Боттичелли. Рождество. Фрагмент
Прекрасный большой триптих Перуджино, написанный им в расцвете таланта, около 1500 года, спокойной и ясной композицией предвещает уже принципы классического стиля Высокого Возрождения, так же как красивый, мягко лирический образ мадонны сразу открывает нам, чем был обязан Перуджино Рафаэль – его гениальный ученик. Этот триптих был создан художником для большого картезианского монастыря, известного под традиционным названием Чертозы в Павии. В 1786 году он был куплен у монахов миланским герцогом Мельци и оставался в его семье, пока разорившиеся потомки не продали его галерее.
Кратко отметив ряд других выдающихся произведений различных итальянских мастеров, приобретенных Истлейком, как «Мадонна со святыми» Мантеньи или «Портрет художника» Андреа дель Сарто, перейдем к характеристике замечательного собрания картин венецианской школы, составляющего одно из главных украшений галереи.
Перуджино. Св. Михаил. Часть триптиха
Действительно, венецианская школа уже в эти годы оказалась представленной с исчерпывающей полнотой, начиная с работ Кривелли, Пизанелло, Беллини и кончая роскошными полотнами эпохи расцвета, показывающими искусство Тициана, Веронезе, Якопо Пальмы Старшего и Париса Бордоне. Венецианская живопись дольше, чем флорентийская, хранила отпечаток готических и в особенности византийских традиций, обусловленных древними торговыми и культурными связями с этой великой империей прошлого.
Живучесть этих консервативных традиций венецианской школы особенно сказывается у одного из оригинальнейших живописцев второй половины XV века Карло Кривелли. Его алтарные образы, где обычно представлена восседающая на троне мадонна с младенцем в окружении святых, перегружены архитектурными мотивами, барельефами, вазами, гирляндами цветов и фруктов. Богатейшие одежды расшиты золотом, и фигуры выступают на фоне цветного мрамора или златотканых драпировок. Вся эта живописная роскошь в сочетании с застылой иератичностью композиции заставляет вспомнить о византийских мозаиках, влияние которых должен был несомненно испытать Кривелли. Вместе с тем образы его мадонн, отличающихся какой-то грустной нежностью, полны интимного лиризма, что по контрасту со всем окружающим великолепием придает им своеобразный характер.

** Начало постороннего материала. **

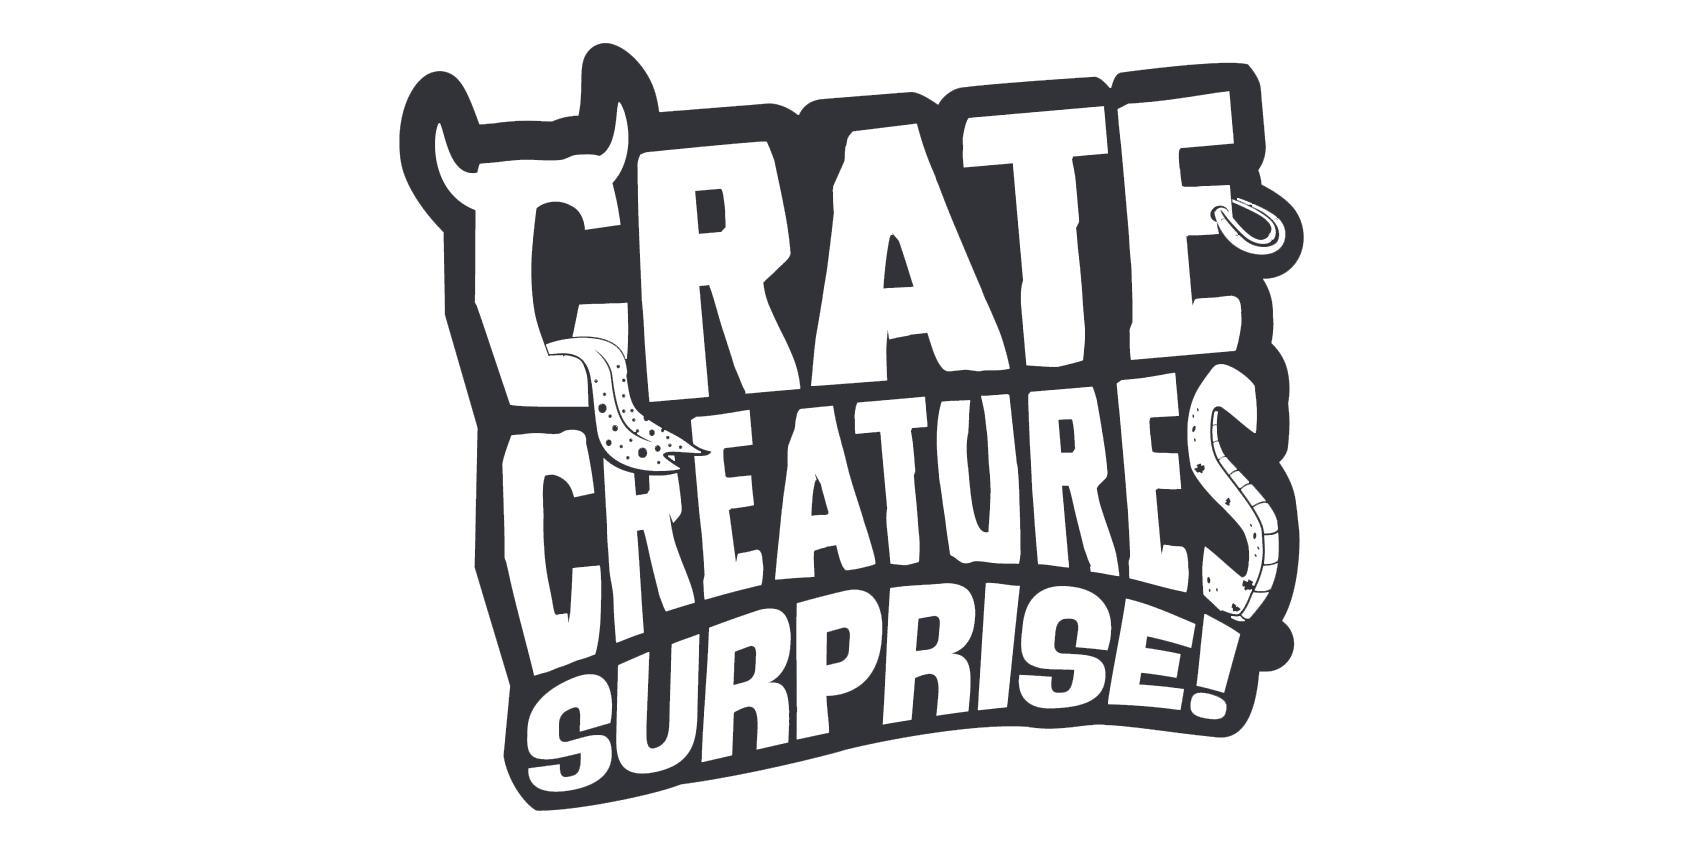 Crate Сreatures

Коллекция картин Кривелли в Лондонской галерее необычайно богата и разнообразна. Те, что были куплены Истлейком, дополнились вскоре другими произведениями, среди которых надо назвать такие шедевры, как знаменитый «Демидовский алтарь» (названный так по имени своего предшествующего владельца), или восхитительное «Благовещение», принесенное в дар лордом Таунтоном в 1864 году. В «Благовещение» обычная для Кривелли торжественность и отрешенность от повседневной жизни сменяется обращением к реально жизненным мотивам и новому композиционному построению с использованием пространственной глубины. И здесь мы видим архитектуру, ковры и вазы, но все это дано не в виде отвлеченно декоративных элементов, а как конкретное бытовое окружение происходящей сцены, которой они придают радостный и праздничный характер. Изображение уютной комнатки Марии, маленькой девочки, с любопытством подглядывающей за чудесными посетителями, полно удивительной непосредственности и любовного восхищения художника жизнью во всех ее проявлениях.
Кривелли. Благовещение
Из произведений великого венецианского мастера Джованни Беллини – учителя Джорджоне и Тициана-галерея уже владела таким шедевром, как портрет дожа Лоредано. При Истлей-ке она обогатилась рядом других выдающихся работ, всесторонне освещающих его творчество. «Моление о чаше», юношеское произведение Беллини, уже давно находилось в Англии, где в конце XVIII века входило в собрание знаменитого художника Рейнолдса. Долгое время его автором считался Мантенья, самобытный крупнейший мастер падуанской школы, который одно время учился вместе с Джованни Беллини у его отца Якопо Беллини. Самое интересное, что Мантеньей действительно была написана почти такая же картина, которую он выполнил одновременно со своим товарищем Джованни на основании одного и того же рисуночного эскиза, данного их учителем. Набросок этот хранится в Британском музее, а композиция Мантеньи в свою очередь вошла в Национальную галерею тридцать лет спустя после картины Джованни. Обе они очень схожи между собой и общим замыслом и построением, но трактовка пейзажа у обоих художников совершенно различна. У Мантеньи это причудливые, условно данные каменистые скалы, создающие впечатление какого-то жуткого, нереального окружения, а у Джованни Беллини это красивая долина среди мягких холмов, как бы пробуждающаяся при свете утренней зари. Прекрасная природа с ее тишиной и ясностью словно несет успокоение мятущейся душе Христа, и это гармоническое слияние внутренней жизни человека с жизнью природы станет одним из характернейших качеств не только беллиниевской, но и всей венецианской живописи зрелого Возрождения. Тишиной и одухотворенностью в соединении с какой-то глубокой полнотой бытия веет от прекрасных мадонн Беллини. В большинстве картин они также представлены на фоне пейзажа (например, «Мадонна в лугах»), Беллини отказывается от пышного декора, столь любимого Кривелли, чужды ему и жанрово-бытовые детали. Его композиции отличаются кристальной ясностью и простотой, но в интимной мягкости образов уже сквозит та величавость и значительность, которая приходит с искусством Высокого Возрождения.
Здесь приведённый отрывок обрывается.